Initially, the Ottoman Caliphate decided to take a neutral position and refrain from taking any of the sides – neither the Allied nor the Central. The Ottoman Caliphate was actually not as strong as any of the other empires involved in the war, and thus were confronted with several threats – both internal as well as external.
The Sultan of the Ottoman Caliphate was merely a figurehead at that particular juncture, with Abdulhamid II, the last powerful sultan, having been conquered in the year 1908. He was eventually substituted with a military regime that was headed by the “Three Pashas.” They belonged to the Young Turks, a secular Westernized assembly. In terms of financial health, the Ottomans Caliphate was massively bound, as it owned high levels of debts to the European super powers and they were not in a position to repay such huge debts. After their failed pursuit of collaborating with the Allied side and having been rejected by them, the Ottoman Caliphate joined hands with the Central Powers in October, 1914.
Immediately after this, the British Empire started conceiving plans for dissolving the Ottoman Empire and further extend their foot hold in the Middle Eastern region. By then, the British had controlled Egypt and India, since 1888 and 1857 respectively. The Ottoman Middle East was placed exactly in between these two most significant British colonies, and the British Empire was highly resolute in exterminating the same in the course of the First World War.

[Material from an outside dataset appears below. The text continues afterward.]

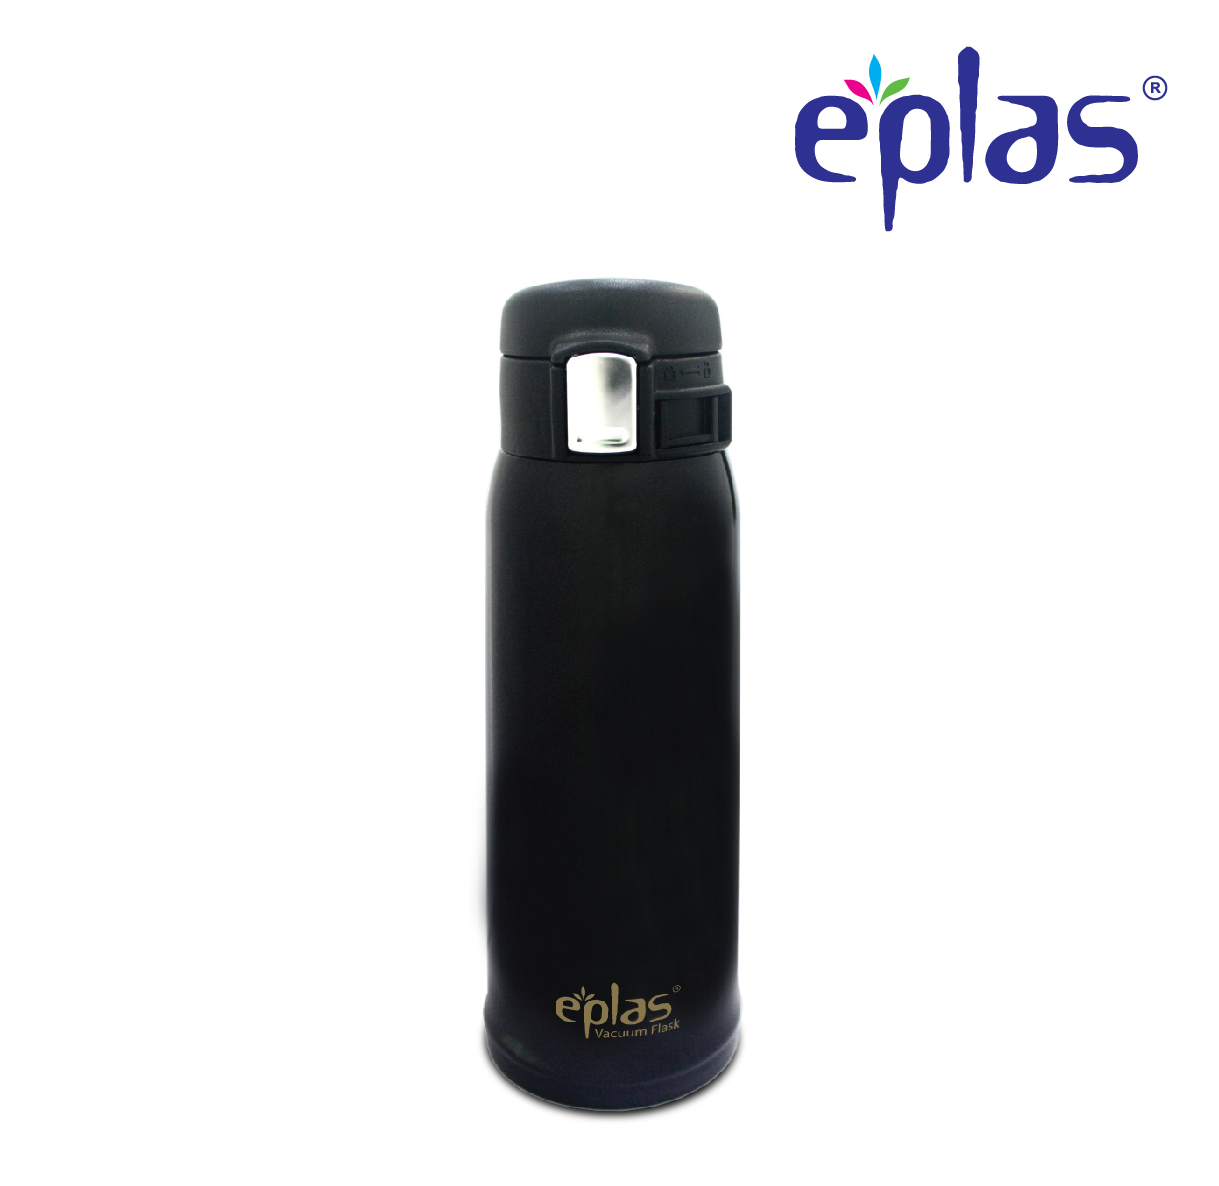 EPLAS Thermal Flask (480ml), One Touch Button, Drink Direct, Travel Flask, S/S 304
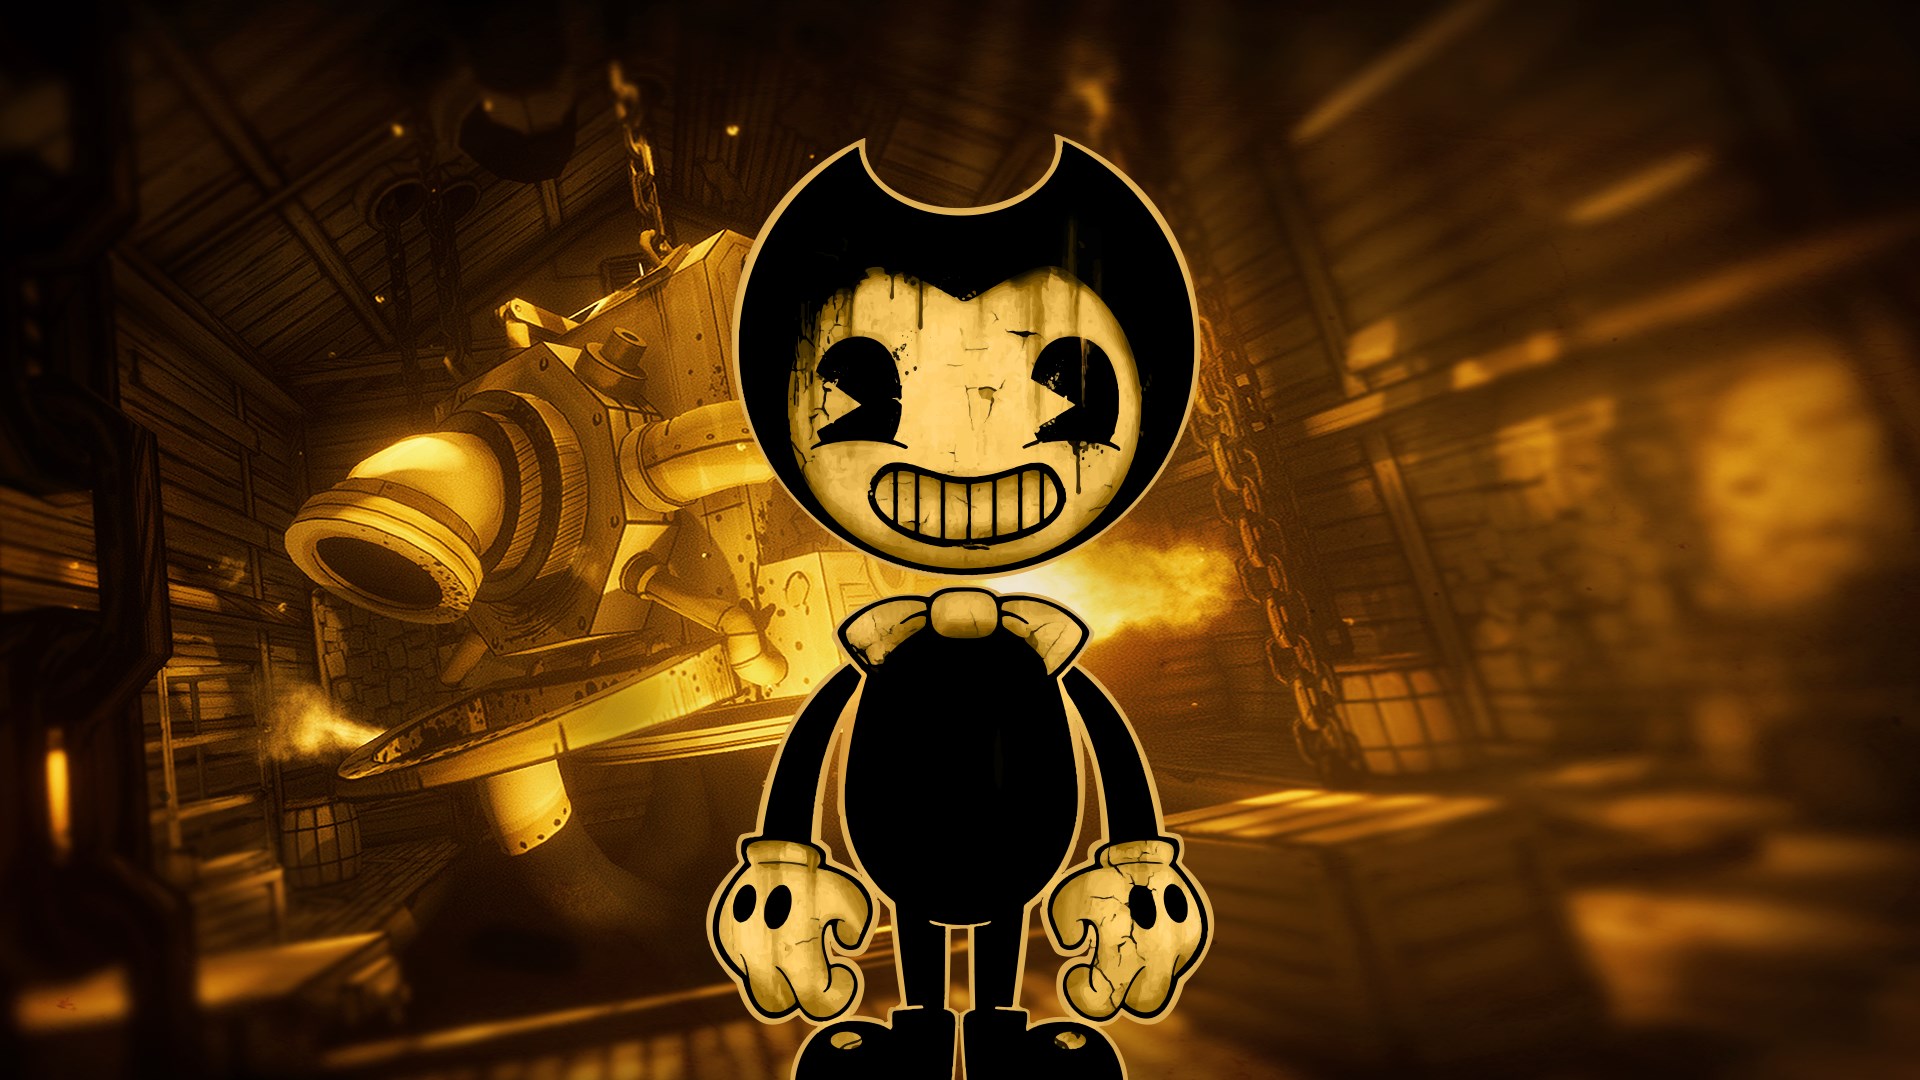 xbox bendy and the ink machine

Islam in the Ottoman Empire
The history of the Ottoman Caliphate can be traced back starting from the 1300 and ending of the Ottoman Empire in the year 1923. At its largest degree, the Ottoman Caliphate covered a massive terrain, “including Anatolia, the Balkan region in Europe, most of the Arabic-speaking Middle East, and all of North Africa except for Morocco.”
While a massive pile of scholarly literature is available about the origins and legacy of the Ottoman Caliphate and their rulers, astonishing very little information, which is quite general, is available in relation to the account of Islam in the Ottoman Caliphate. The little literature and general information is often constricted in terms of their scope and are often lack the theoretical support.
The earliest era of the Ottoman history comprises of the belligerent aspects pertaining to the role of Islam in the expansion of the Ottoman rule spreading beyond the small province in the northwestern part of Anatolia, where it initially originated. Regardless of a the lack of trustworthy sources, a number of highly valuable studies have emerged in the recent past, which alter the former notion that instigating holy war against the Christians was the primary movie behind the expansion of the Ottoman Empire. Yet, the Ottoman sultans did call for political rightfulness on the basis of their funding of several Islamic structures, organizations, religious foundations, as well as judicial establishments.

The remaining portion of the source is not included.